Thanks to last night’s 30 Rock, my totally appropriate crushes on both Jon Hamm and Tina Fey as individuals have given way to a slightly cringe-y full-blown obsession with the concept of them as a potential couple. They’ve become this globular being composed of adorably awkward glances and torn-open Netflix containers, all bound together by gooey strings of fondue. I wanna take this globular being, which I believe should be called Iced Lemon Cake, behind the middle school and…no. (Yes.)
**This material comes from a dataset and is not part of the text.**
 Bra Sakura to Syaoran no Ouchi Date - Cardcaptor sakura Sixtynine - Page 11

At first, I wondered if Lemon’s aggressively desperate maneater tactics seemed a bit out of character. Taking a camera pic of Dr. Baird under the guise of wanting to show it to her barber was pathetic(-ally awesome) enough – but then to feign canine ownership and trap an unsuspecting frosting enthusiast into a creepyfest party for two? The scenario rang a bit over-the-top until I remembered this is the same woman who pretended to be an alcoholic to get closer to Floyd. Not to mention, if Lemon didn’t occasionally wig out for a guy, nothing would ever happen on her romantic front and there might even be significantly fewer opportunities for Alec Baldwin to play a super-gay Spanish soap opera version of himself. Either way, I was all for the crazy-eyed scheming during ”The Generalissimo” last night. Press play below for the buildup to the point at which Lemon and Dr. Baird’s cozy date night went down in flames faster than that poor child’s dynamite-targeted head in Los Amantes Clandestinos.
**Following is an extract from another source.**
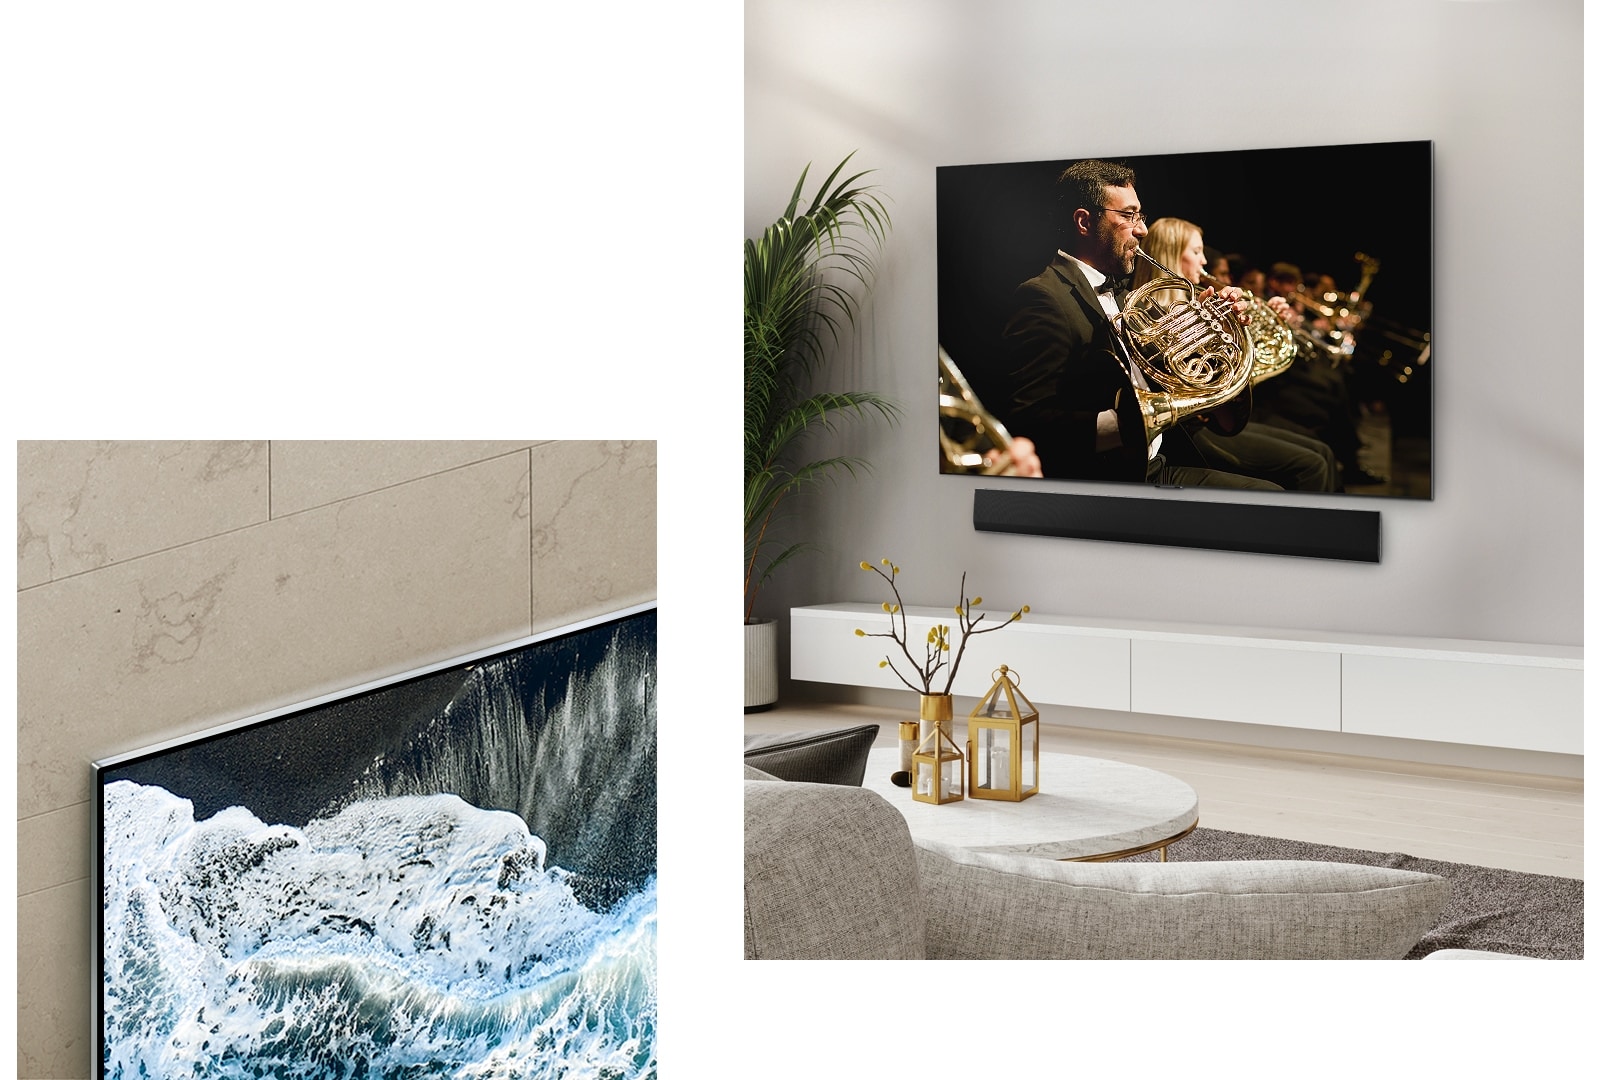 Телевизор LG OLED TV, OLED G4 под углом относительно мраморной стены, демонстрирующий, как он сливается с стеной. Телевизор LG OLED TV, OLED G4 и звуковая панель LG Soundbar в чистом жилом помещении, установленные плоско на стене, с оркестровым выступлением на экране.

PopWatch Lifestyles Alert: I’ll be watching a wriggling Jon Hamm squeak out ”I don’t know what that means!” for the rest of the day. I just want to swoop in, pin him down, explain what the crazy lady’s talking about, and then assure him Annie can make it all better.
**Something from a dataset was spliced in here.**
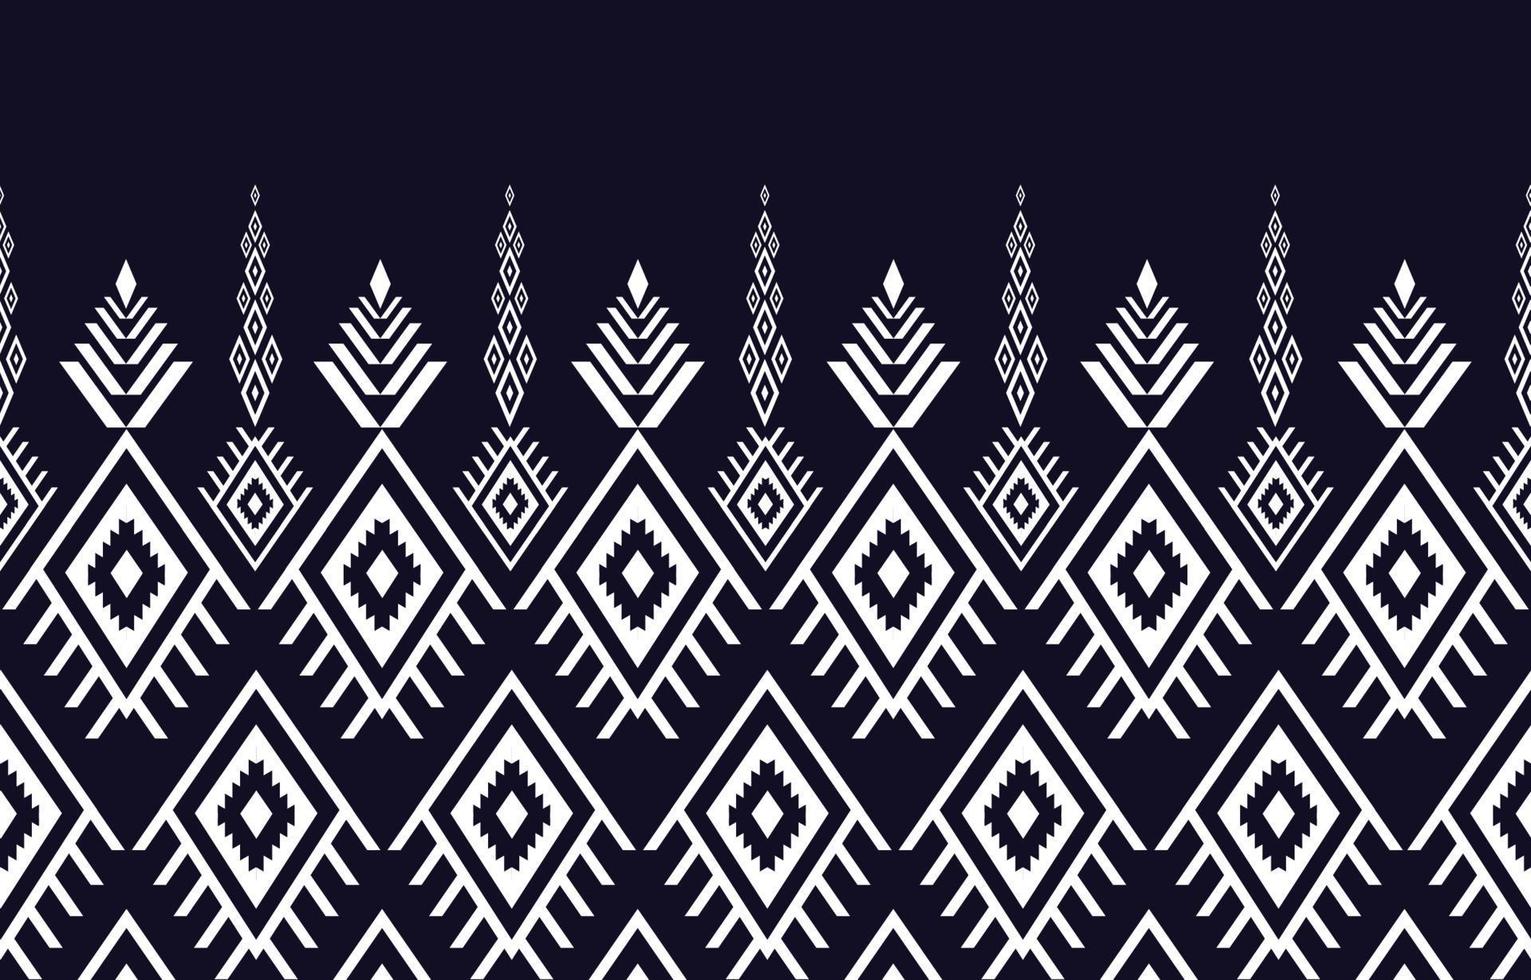 disegno geometrico etnico astratto senza soluzione di continuità in stile nativo disegni per sfondi, sfondi, tappeti, involucri, tessuti, batik, illustrazione vettoriale tessili

More 30 Rock, plus a bonus collage of Jon Hamm with floppy hair and glasses, after the jump…
The best part about Iced Lemon Cake’s burgeoning romance is that it allowed for – nay, practically demanded – a complementary plot involving Metrocard champion Salma Hayek’s Elisa (some nurses are hot!), Jack, and Jack’s Sabor de Soledad-shilling doppelganger, Hector Moreda. The interplay between the two subplots was sublime, and Alec Baldwin’s performance alone would’ve made this a great episode even if Iced Lemon Cake had never existed. The mere delivery of “After you scratch those lottery tickets, can we go to McDonald’s and order only coffee?” – IN SPANISH – earned him those homemade breaded calf’s brains from Elisa’s grandmother. He also deserves as many yards of beer and scotch as Tracy’s new iBanker intern frat boys can put away for that Patty Duke Show “at times we even drink alike” spoof.
The secondary characters had little to do, as usual, but I loved how Liz, Jenna and Kenneth couldn’t be bothered by a Rohypnol-laced Tracy on the floor, and we can also add the “not-hit comedy Cruise Boat” to Tracy’s ever-growing arsenal of past projects. (“I’m getting too old for this ship!”) The real cake of the episode followed Jack and Lemon’s love-at-any-cost stories, and I say the more time the show spends focused on just these two, the better. With Salma Hayek and Jon Hamm mixed in to the batter, 30 Rock is currently as sweet as a montage of beautiful Latin babies set to the soothing tones of Tito Puente.
And to top it ALL off, Liz was eating a Pop Tart in a deliberately cutesy fashion to close out the show. I hope it wasn’t one Pete had fooled around with. You know, I really shouldn’t end sentences with prepositions at.
Did you love last night’s 30 Rock, too? And who else wants to take one of those “special tours” to see Conan O’Brien without his wig?